Great post, Tammy! You summed up all of what I feel also :wub:
One thing in life I have and I am proud to have it is Adaptability .
Me and my husband started out at 19 and 20 with nothing and now at 39 and 40 we are pretty secure, but if I had to go back in life and suffer the bad times again I could. I think anyone who says they live life with no problems is full of crap.
Setbacks make us stronger and also wiser.
I watch stories and see stories in life all the time of people who not only have everything but also have extraordinary talent and still that isn't enough.
Take what God has blessed you with and always know good things will happen as long as you live your life honestly and always try to do good for others. It may sound stupid , but I live by that everyday.
Oh and always tell the truth


----------



## Nikki's Mom (Feb 13, 2008)

:good post - perfect

:grouphug:





mom2bijou said:


> The grass always looks greener on the other side. That's the thought that came to me while reading this thread. Personally, I think hardships are what define us and our personal strength. I'm only 30 but I've had some major hardships since I was 12. In a way though all those things have made me such a stronger person. I have friends who never had anything major life changing happen to them and they can't deal w/minor setbacks. Lots of people look at me like I have so much more than them or I've been dealt a lucky hand. I find that humorous b/c I've had to deal with the hand I was dealt. I was given lemons on many occassions and learned how to make lemonade. I'd rather have gone thru the things I did and at 30 years old know that my 2 feet can hold me up no matter with what I'm faced.
> 
> So I don't necessarily think I have the charmed life. But I've tried to make my life charming. This took me a long time to learn to do.

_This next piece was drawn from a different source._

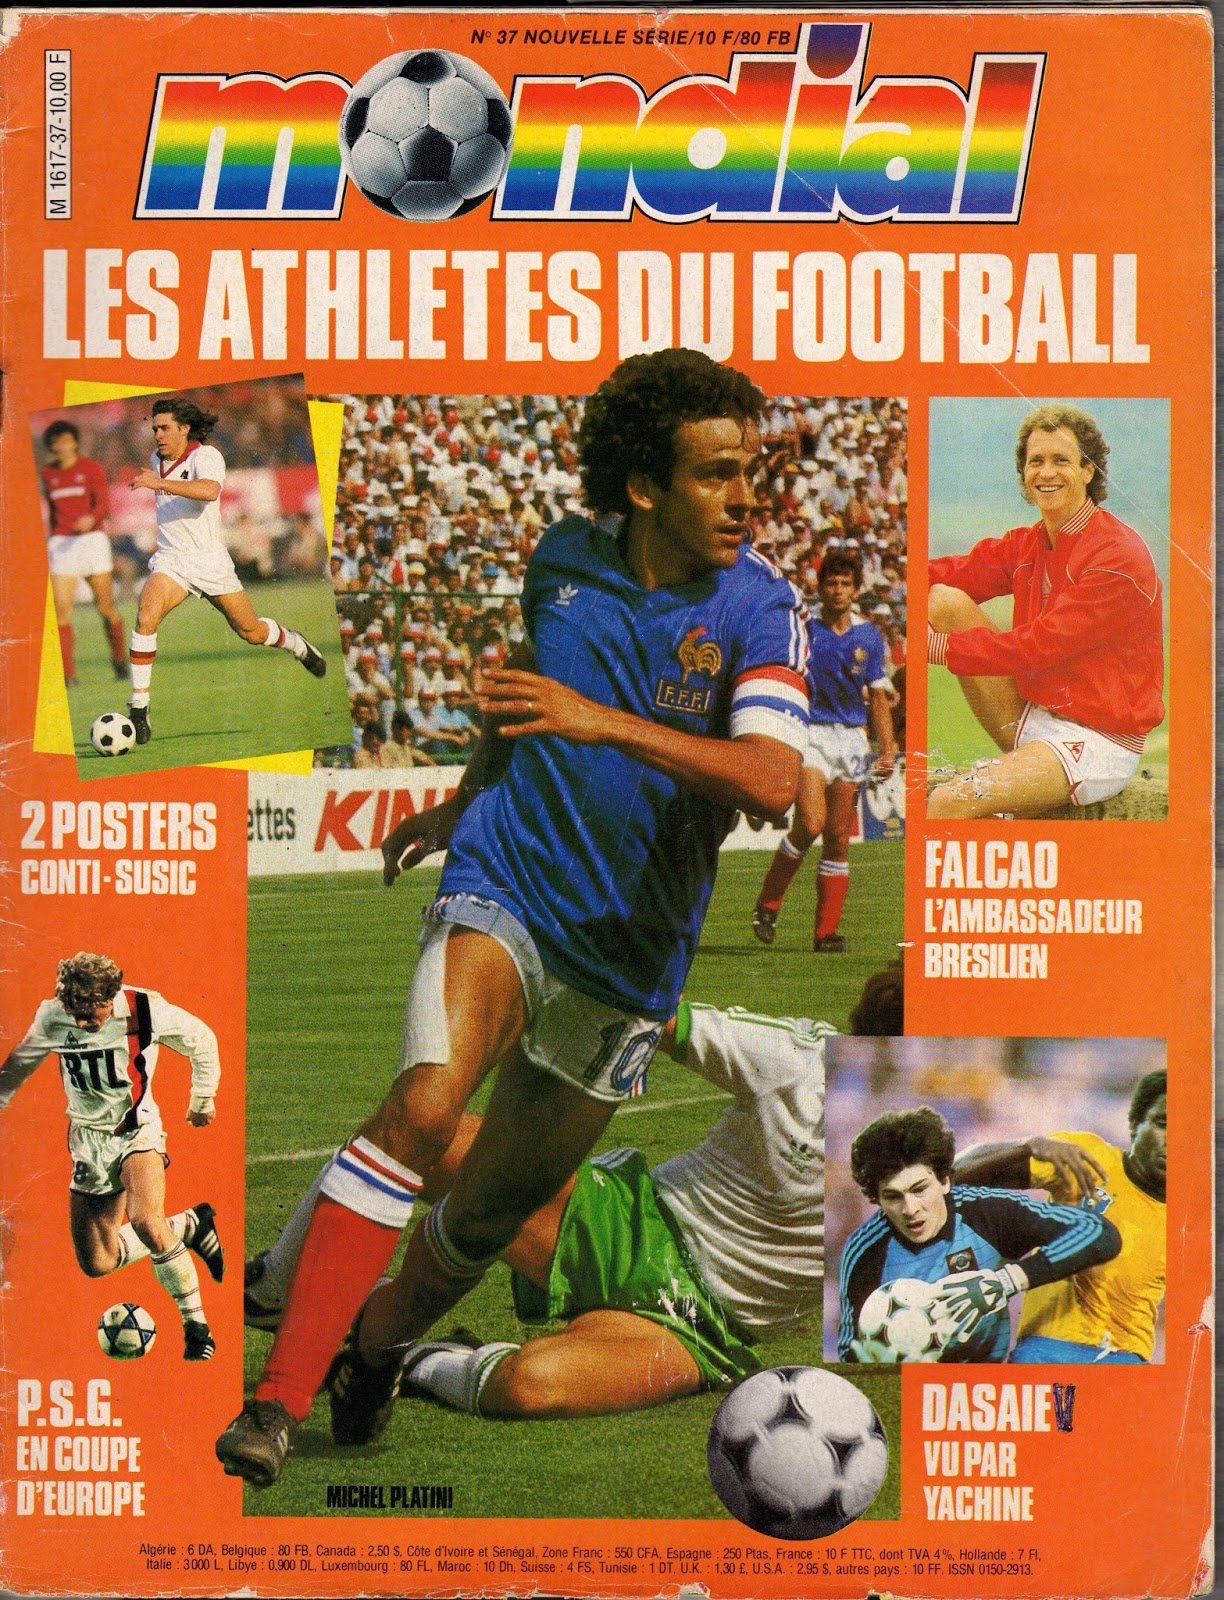 Part magazine. Футбольный журнал. Плакаты из журналов. Журнал onze. Постеры из журнала shoot Football.

My mother would always say to me that I'm so far ahead of the game, that she wishes she thought like me at my age. I have to try hard to project the good things in my life. Smiles and laughter are contagious. I try to give that off as much as possible despite all the challenges I have ever faced. Do I want to get negative about things? Sure and when I do I vent to my mother and DH. But I'm careful about who I vent to b/c someone else no matter how "charming" their life looks, has secrets and demons they have locked up and are trying to deal with themself.
> 
> Ok so I kinda rambled through this but the point I was trying to make was no matter how charming one's life may look, at one point they will face struggles for no life is struggle free. Or they may just be really good at radiating good out of past hardships.


----------



## The A Team (Dec 1, 2005)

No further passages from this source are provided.